This survey presents an exhaustive overview of previous research on automatic genre identification. Thereby, it uncovers numerous challenges of the task and the approaches to dealing with them, further explained in the following paragraphs:

  1. 1.

    Lack of consensus on the main concepts, connected with the automatic genre identification, leading to a proliferation of competing genre schemata and approaches.

  2. 2.

    Existence of hybrid texts and multi-text documents in web datasets, related to the limited control over the content creation and collection of web texts, which pose challenges for manual annotation and automatic classification.

  3. 3.

    Lack of comparability between existing genre datasets, aggravated by the fact that they are hard to find or have ceased to be available.

  4. 4.

    Challenges, connected with assuring stability of genre classifiers and their good performance also in out-of-domain scenarios, so that the classifiers are not dataset-dependent.

The first challenge is that there exists no consensus on the term that should be used for this phenomenon, on the definition of the concept itself, and on the set of labels to be included into the schema to assure high coverage, reliable annotation and good classification results. As researchers define genres differently and perform research on them with different aims, they use very different genre schemata. We analysed 16 of them and showed that out of 177 labels only 48 labels are used in more than one schema.

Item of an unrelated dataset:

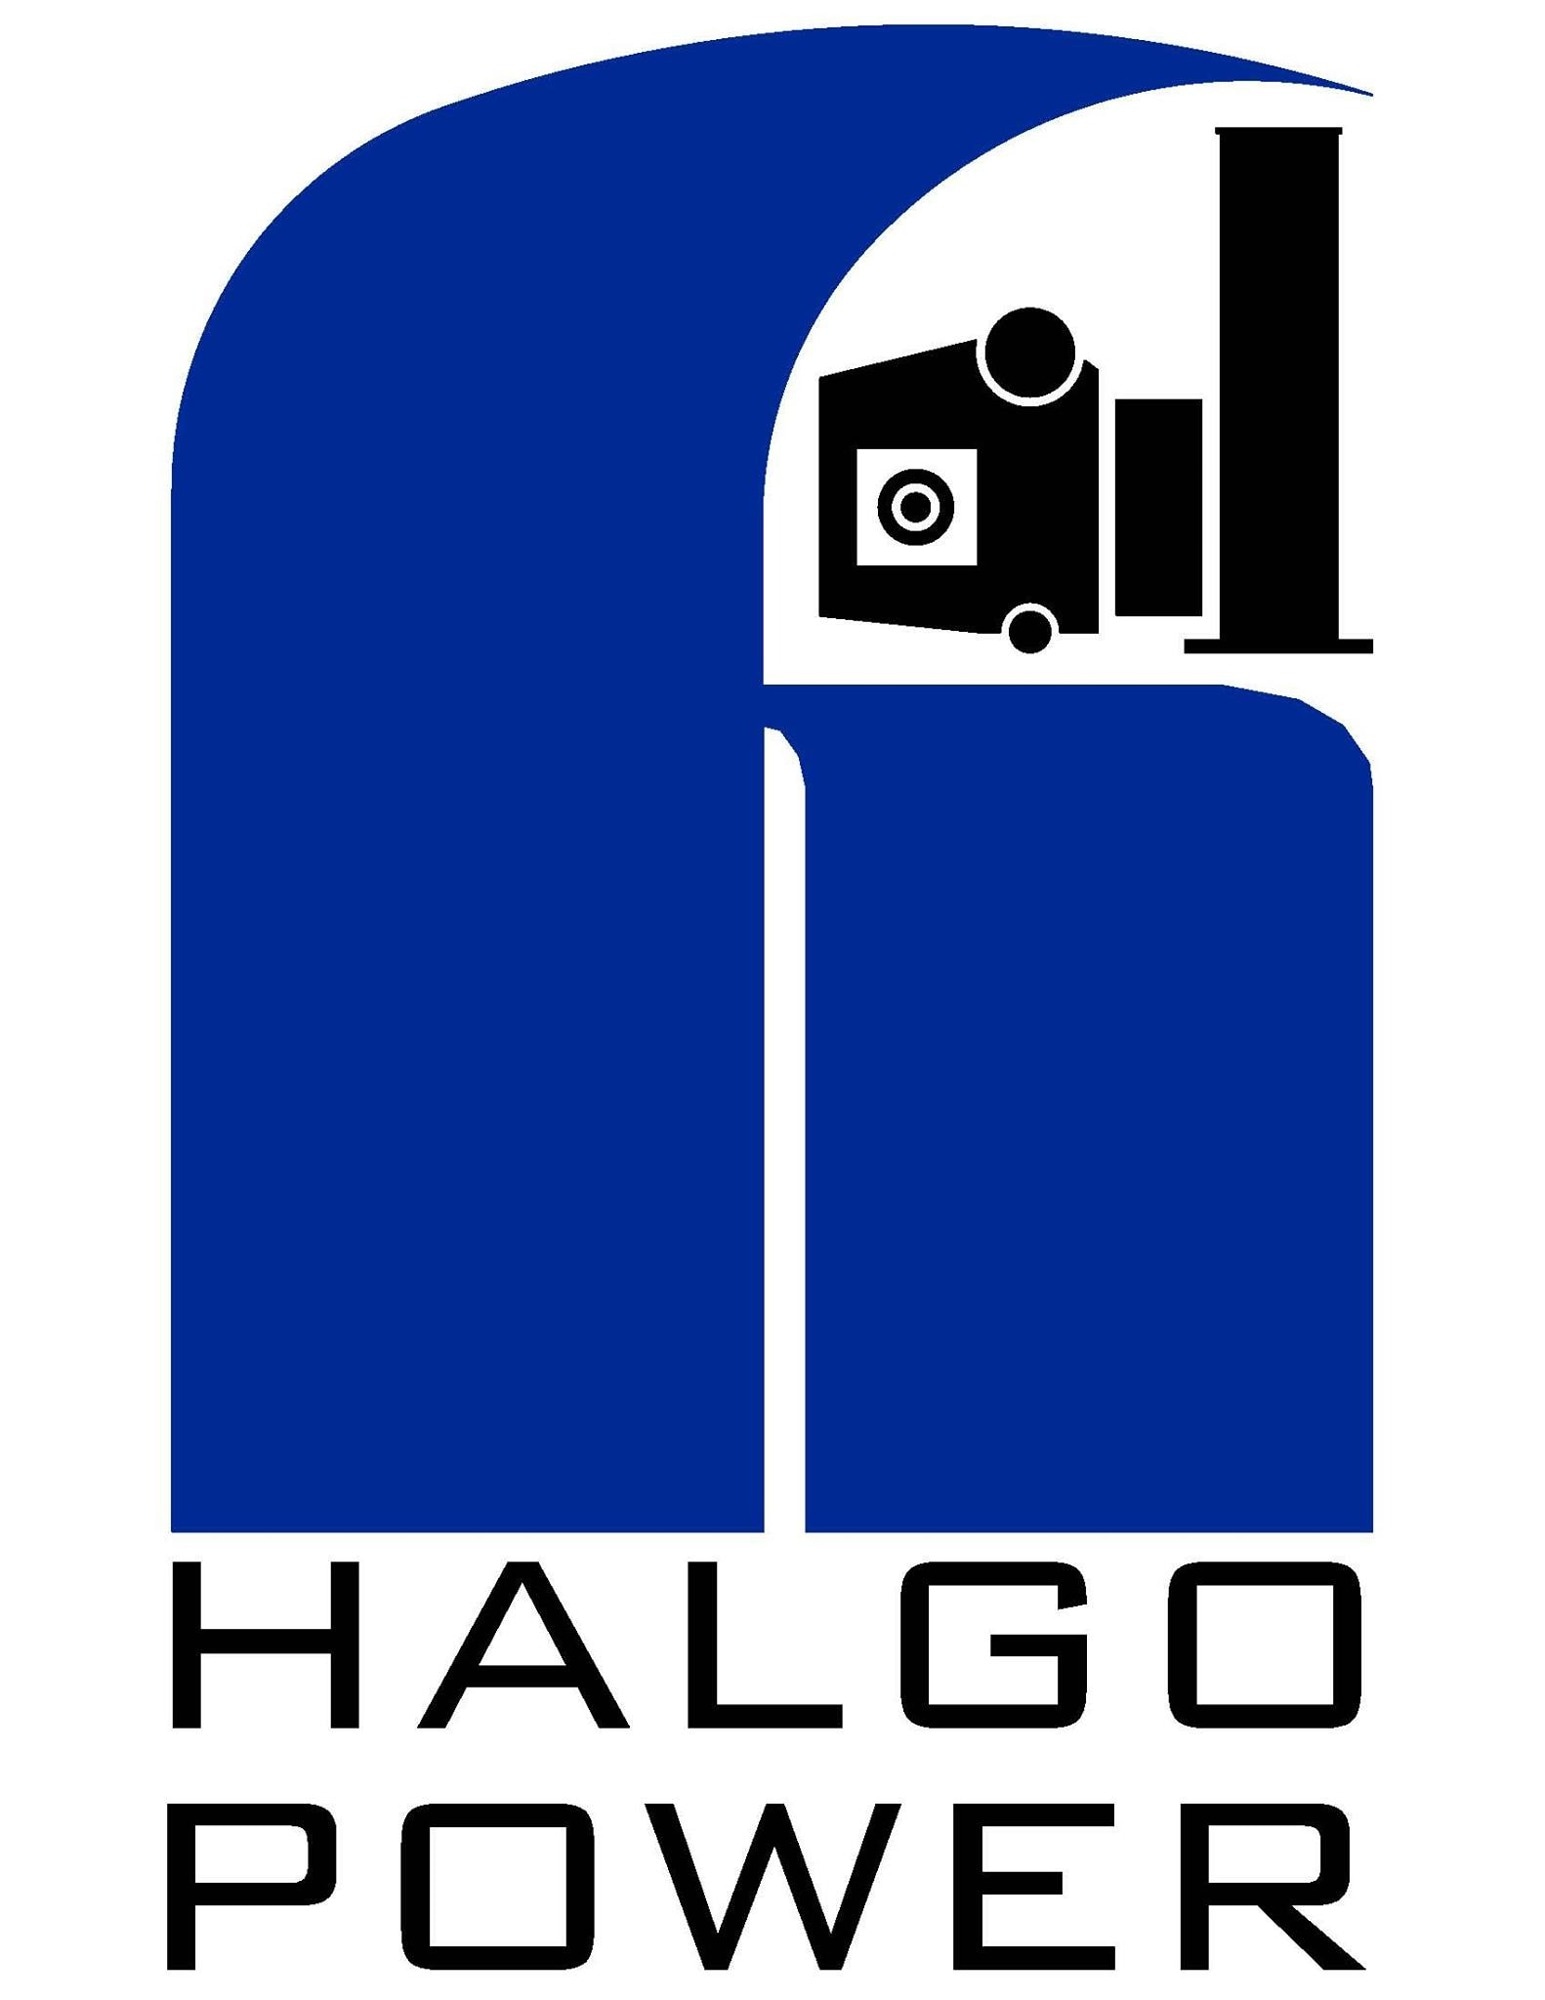 Halgo Power

Secondly, the reliability of genre datasets and consequently also the results of automatic genre identification can be negatively impacted by the fundamental difficulties connected with the genre notion itself. During annotation and machine learning experiments, researchers need to deal with hybrid texts, i.e., texts which have features of multiple genres, texts without any discernible purpose or features, and documents that consist of multiple texts, such as a letter, posted as a part of a blog. On the web, writers are not constrained to following genre norms, thus, the texts vary significantly in regard of their genre prototypicality. These difficulties contributed to rather low inter-annotator agreement in some of the annotation campaigns, resulting in genre datasets with questionable reliability.

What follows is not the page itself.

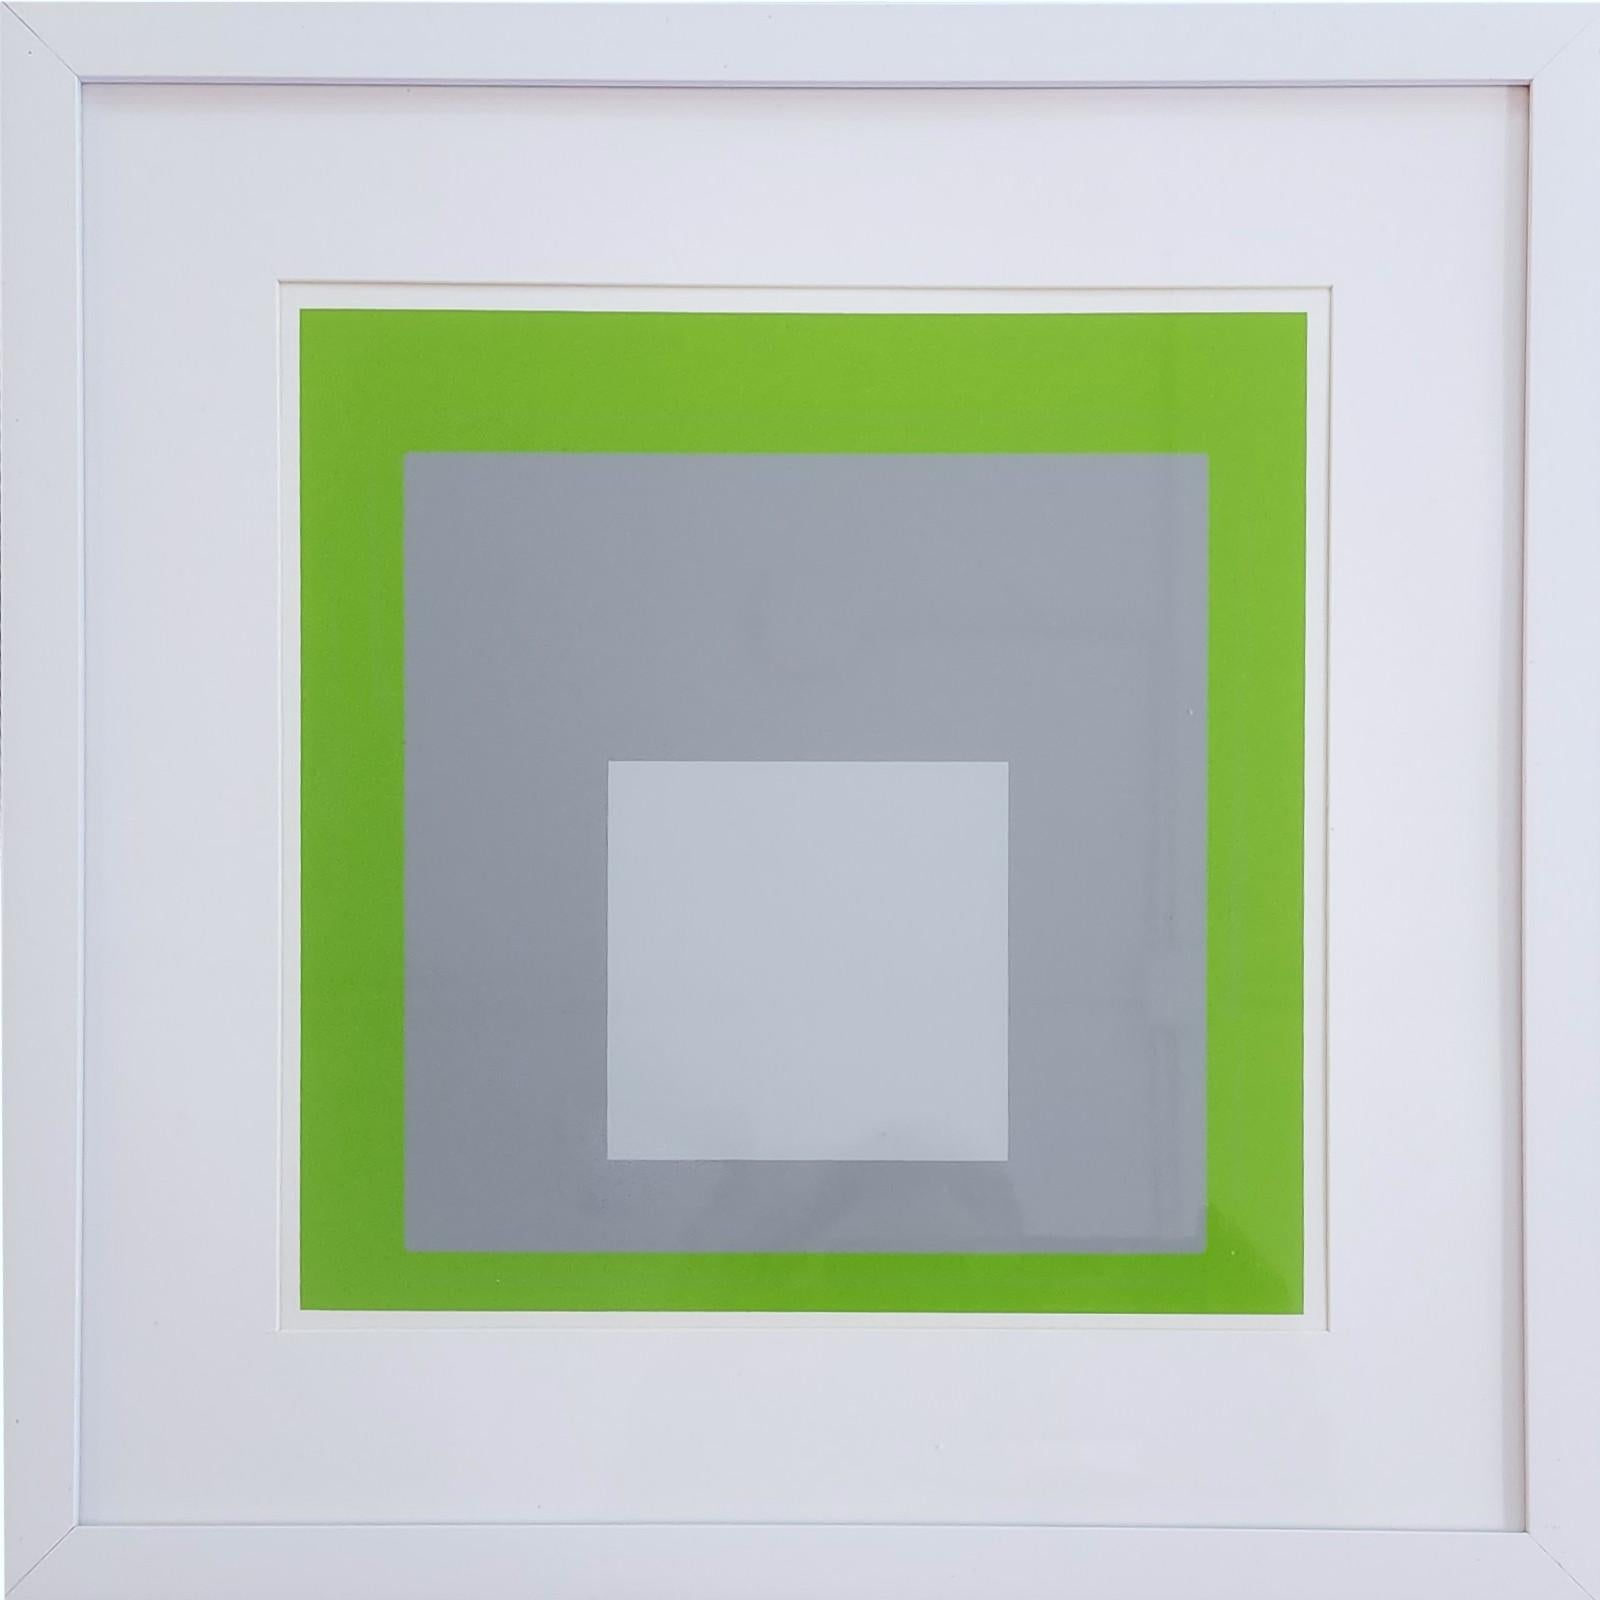 Homage to the Square: White Marker (Bauhaus, Minimalismus, 50% OFF LIST PRICE) (Minimalistisch), Print, von (after) Josef Albers

Thirdly, the last review of existing genre datasets, published in 2010 (see Sharoff et al. (2010)), exposed the lack of comparability, representativeness and reliability of existing genre datasets, and highlighted a need for further research on AGI. They called for efforts to develop a large reference corpus, collected from a diverse range of sources, and with a genre schema which would allow for reliable annotation. At that time, genre datasets almost exclusively contained only English documents, thus, the authors also urged for a creation of datasets in other languages, which would enable cross-lingual automatic genre identification. Our paper is the first work that surveys the research on automatic genre identification that was done in the last 12 years, describing that research in the context of the older work as well.

In this period, the technological progress delivered crawling tools which enable fast collection of thousands, or even millions of texts from the web, assuring representativeness of the datasets. Secondly, the researchers benefited from the advent of crowd-sourcing platforms, which allow quick and relatively inexpensive annotation of tens of thousands of texts. And finally, recently developed deep neural machine learning technologies relying on self-supervision, such as the Transformer language models, were shown to be able to classify genres drastically better than any previous technology, even when trained on only a thousand of texts. Furthermore, the models were revealed to achieve good results on cross-lingual genre classification which opens the doors to empowering a multitude of languages with the benefits of automatic genre identification.

While early genre datasets mostly focused on a small set of specific labels, recently, numerous datasets were developed with schemata which aim to cover the entire genre composition of the web, which is the first step to providing a general dataset with labels that could be applied to any corpus. Such schemata are the FTD schema (Sharoff, 2018), based on which English, Russian and Arabic genre datasets were created, and the CORE schema (Egbert et al., 2015) which served as a basis for English, Finnish, French, Swedish, Slovene and other datasets. These datasets addressed the lack of representativeness, comparability and reliability that was observed for earlier genre collections.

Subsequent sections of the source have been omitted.